■ **Prompt**:
Could every line below be transcribed exactly, with the pictures dropped?

■ **Data below**:
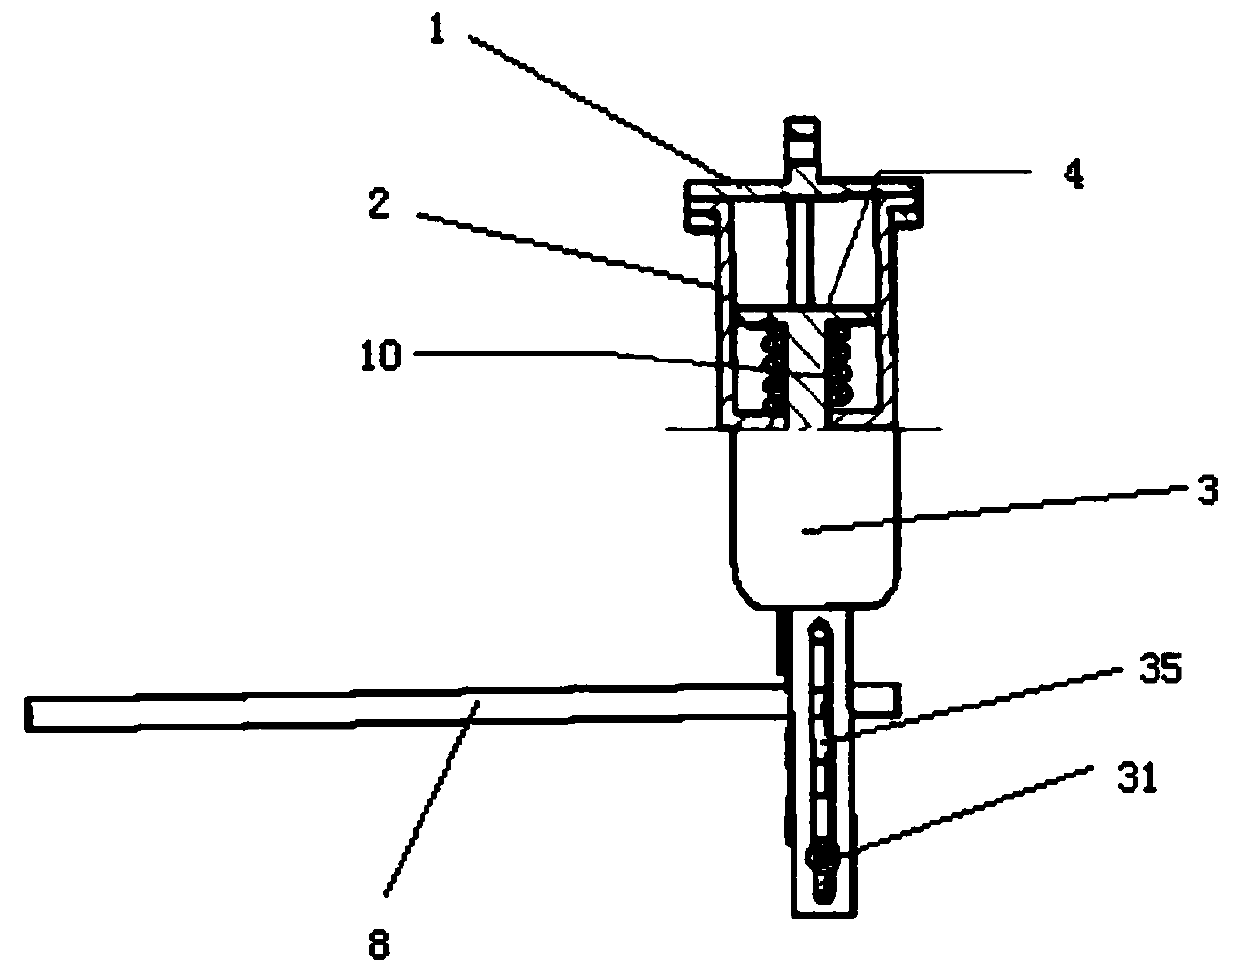 An off-line protection pole device for transmission line pole and tower structure
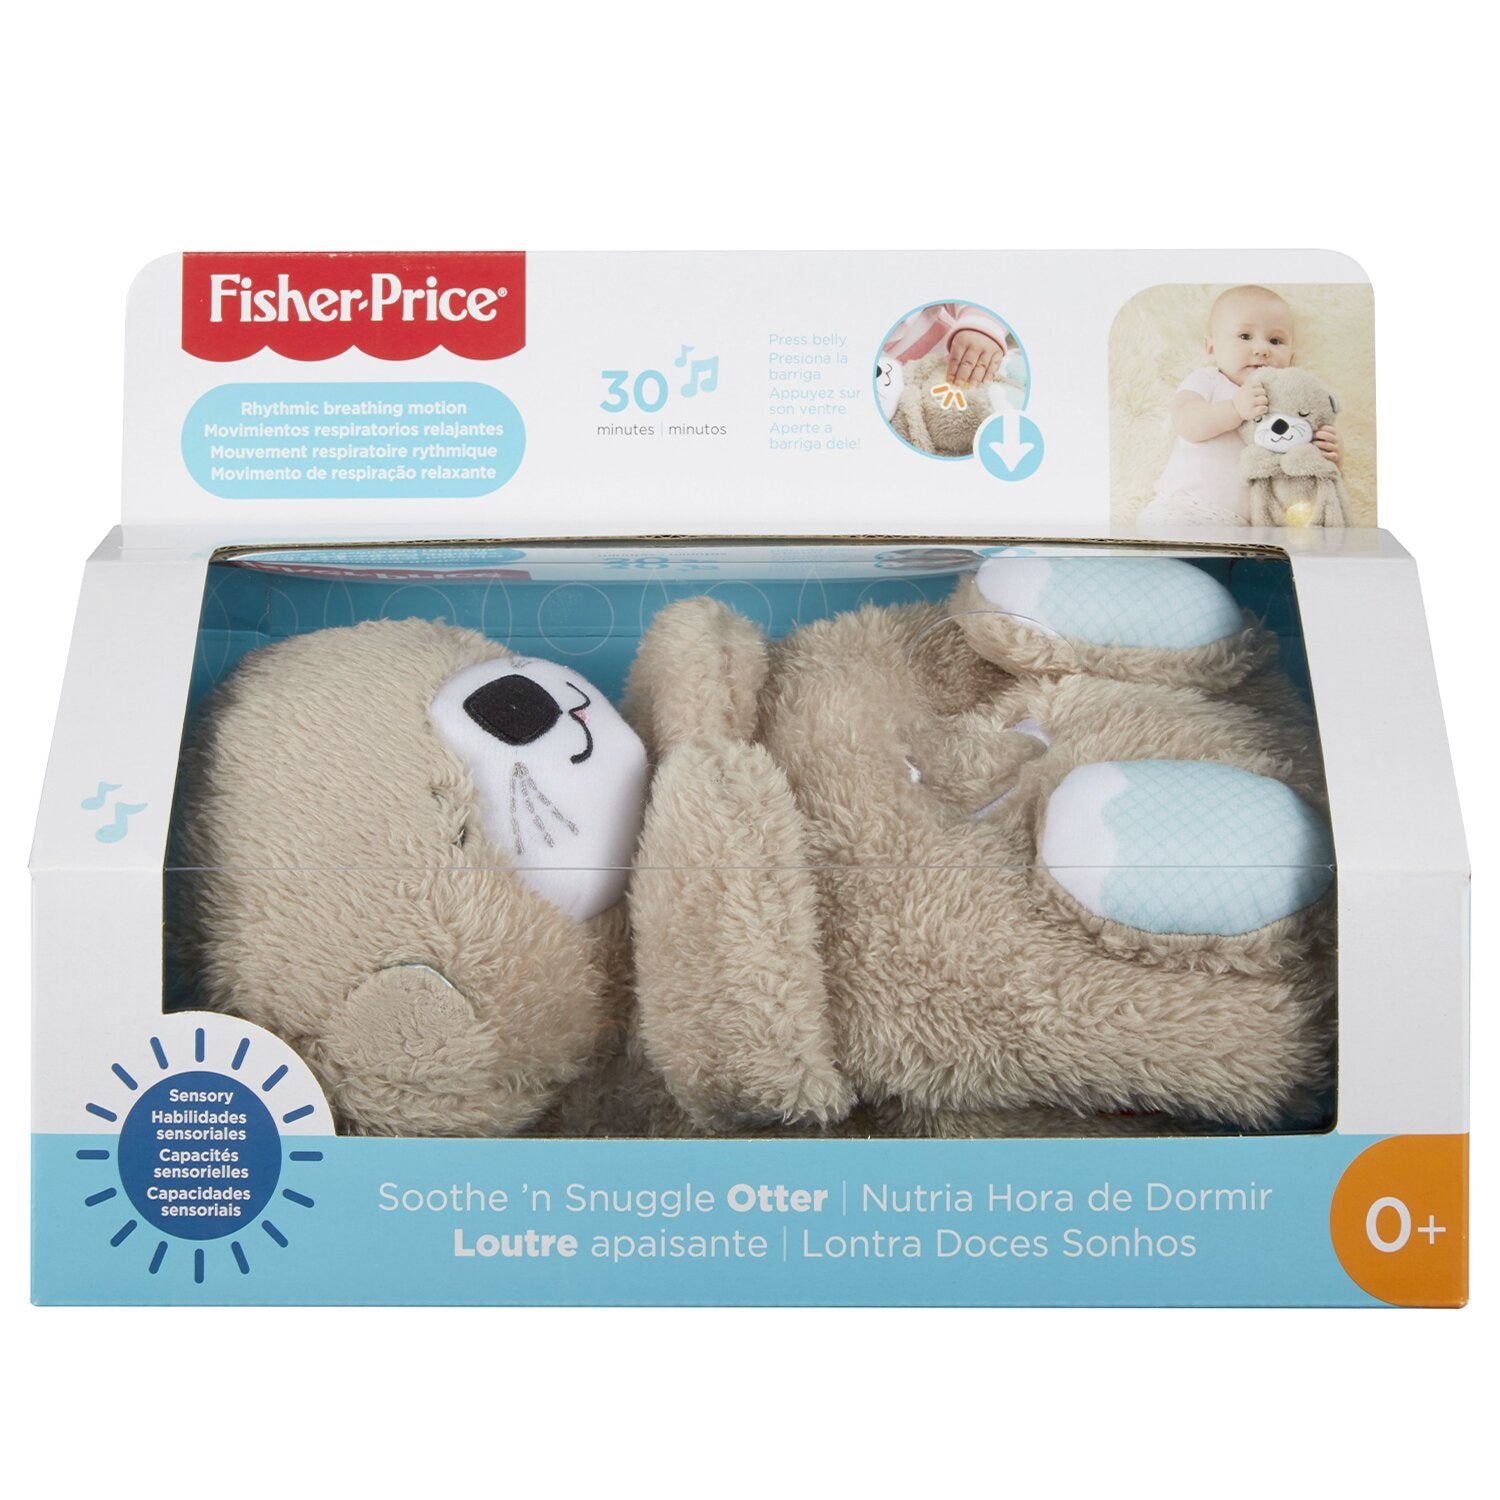 Fisher-Price Soothe 'n Snuggle Otter 31x14x20cm – Fresh Beauty Co. USA
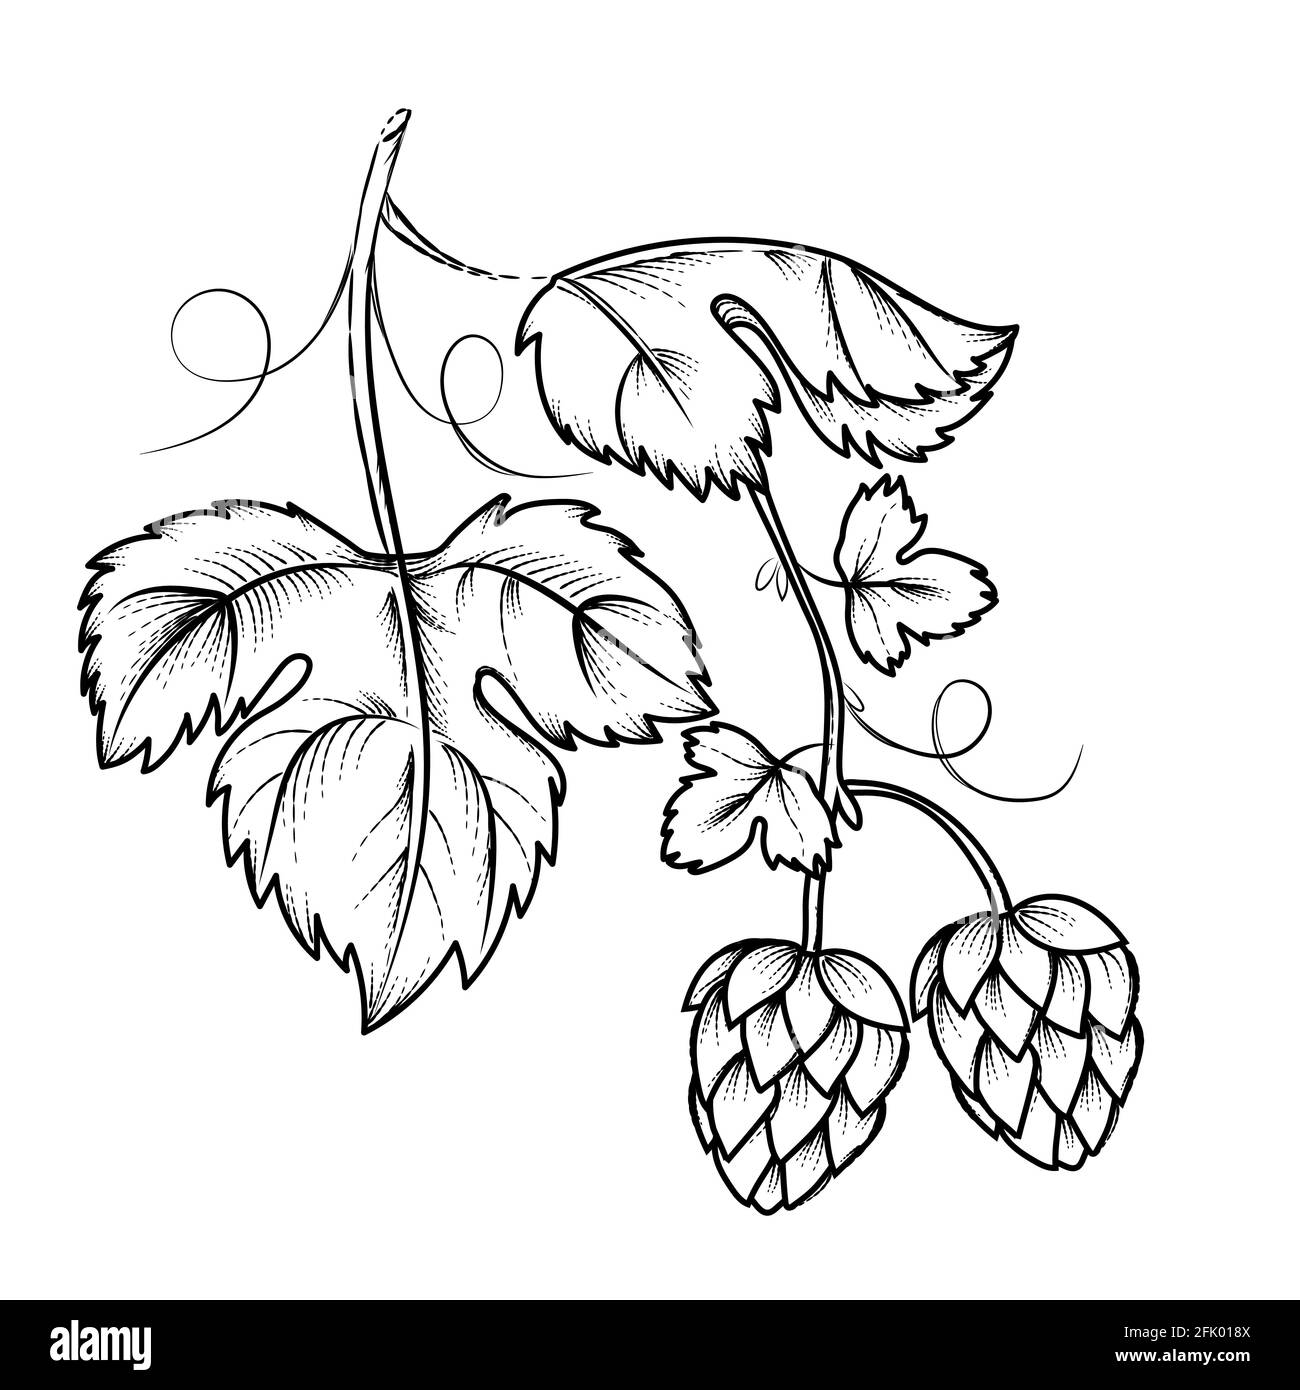 Hop plant hand drawn image, engraving vintage vector illustration isolated on white background. Hop botanical element for label brewery of beer packag Stock Vector

■ **Result for this exercise**:
 An off-line protection pole device for transmission line pole and tower structure
 Fisher-Price Soothe 'n Snuggle Otter 31x14x20cm – Fresh Beauty Co. USA
 Hop plant hand drawn image, engraving vintage vector illustration isolated on white background. Hop botanical element for label brewery of beer packag Stock Vector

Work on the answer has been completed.